The initial implementation has only been tested on Cray machines where the KNL chip is used as a self-hosted processor. While we have not explicitly tested on other platforms, or with KNL as a Coprocessor, we don’t know of any reason an advanced user couldn’t run on such a platform.
Getting started¶
By and large running on KNL on a Cray XC will be the same as running on a Xeon based Cray XC. See Using Chapel on Cray Systems for more info.
In order to take better advantage of the AVX-512 micro-architecture you’ll want to have a KNL targeting module loaded. For example:
module load craype-mic-knl
You’ll also want to ensure you have a new enough target compiler loaded that is KNL/AVX-512 ready. We recommend using at least gcc 5.3, cce 8.5, or intel 16.
We provide a KNL locale model for making use of the MCDRAM (High Bandwidth Memory/HBM). Please see KNL Locale Model for details.
KNL provides many memory configurations and clustering modes. If a
program will manage HBM explicitly using the KNL locale model, the
flat
memory configuration is a good place to start. If not, the
cache
configuration will use the HBM as a level 3 cache. Two
in-between configurations are available, equal
for 50% cache/50%
explicitly managed, and split
for 25% cache/75% explicitly
managed. It is likely that the highest performing configuration is
different for different programs, so it pays to experiment.
So far, the clustering modes that seem to have the most promise for
Chapel programs are quad
and snc4
. The quad
mode,
contrary to its name, places all the KNL cores in one NUMA node. The
snc4
mode splits the cores equally into four NUMA nodes. Again,
experimentation will tell which works best for a given program, and
other clustering modes may be worth trying as well.

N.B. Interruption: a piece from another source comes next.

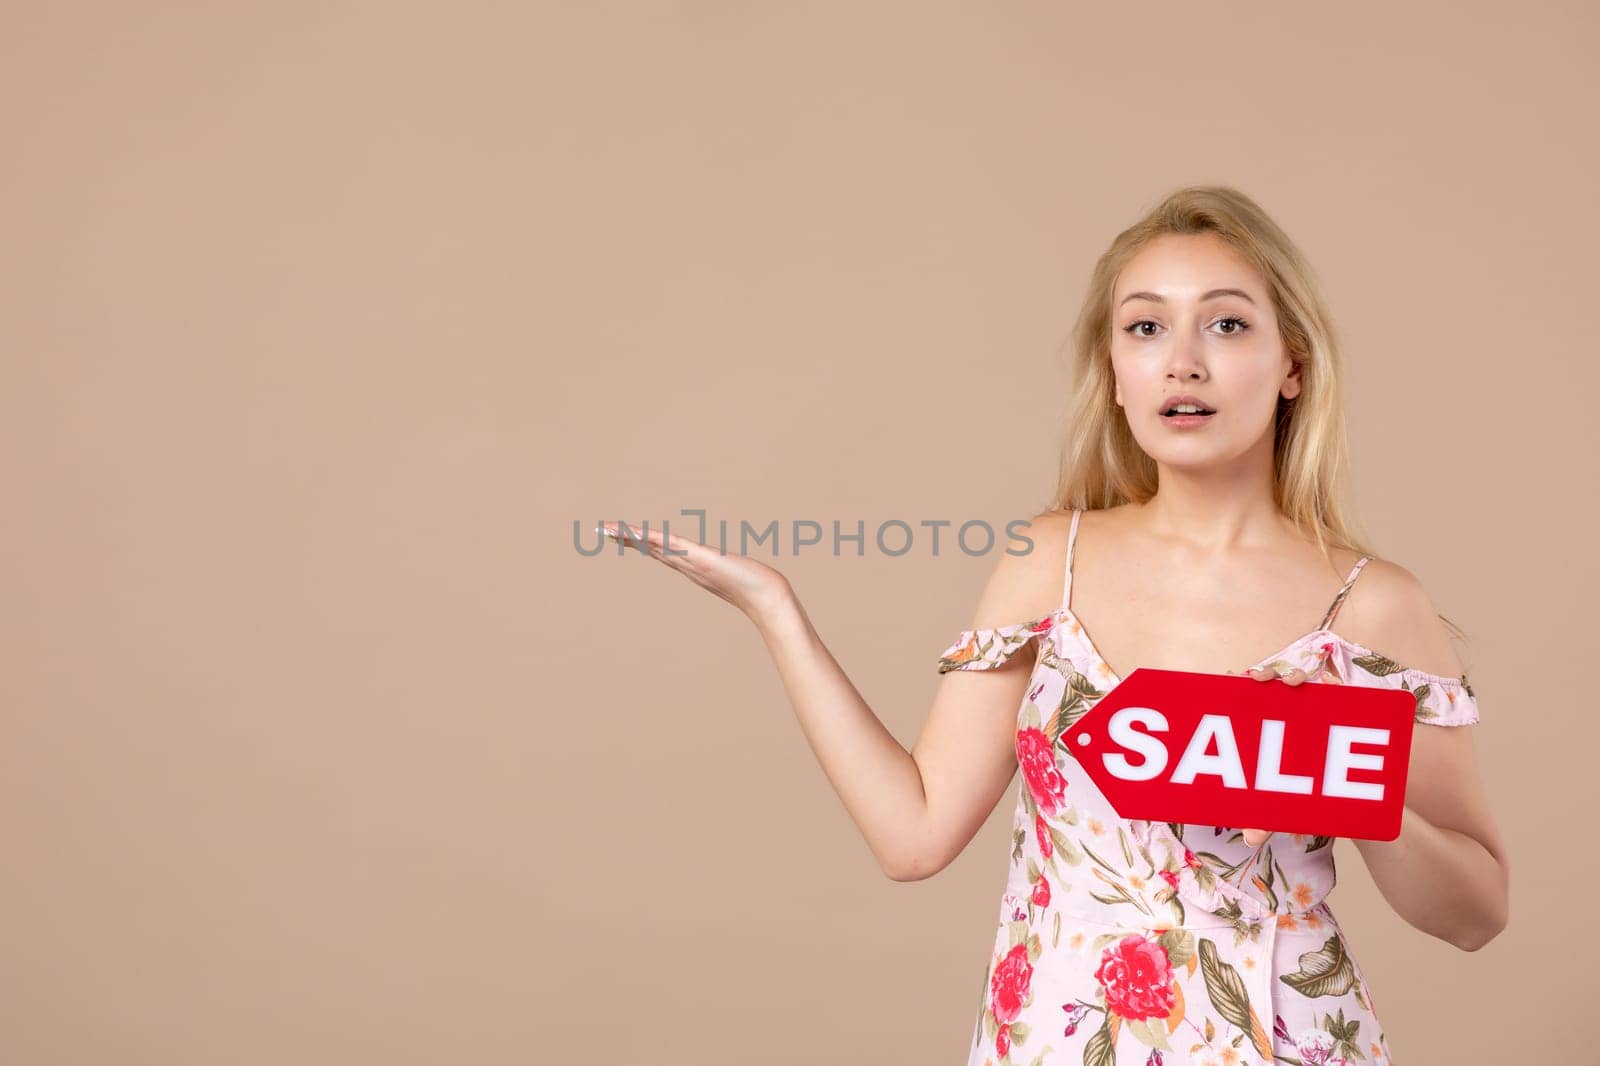 front view young female holding red sale nameplate on brown background money march horizontal sensual shopping woman equality feminine

The method of choosing the clustering mode and memory configuration is
different for different machine installations. Please see your system
administrator for more information on this. When using Slurm, a
common method is to use the --constraint=
flag to srun
. For
Chapel, this flag can be set using the CHPL_LAUNCHER_CONSTRAINT
environment variable. For example, to use the snc4
clustering
mode and the flat
memory model, the following would be used.
export CHPL_LAUNCHER_CONSTRAINT=snc4,flat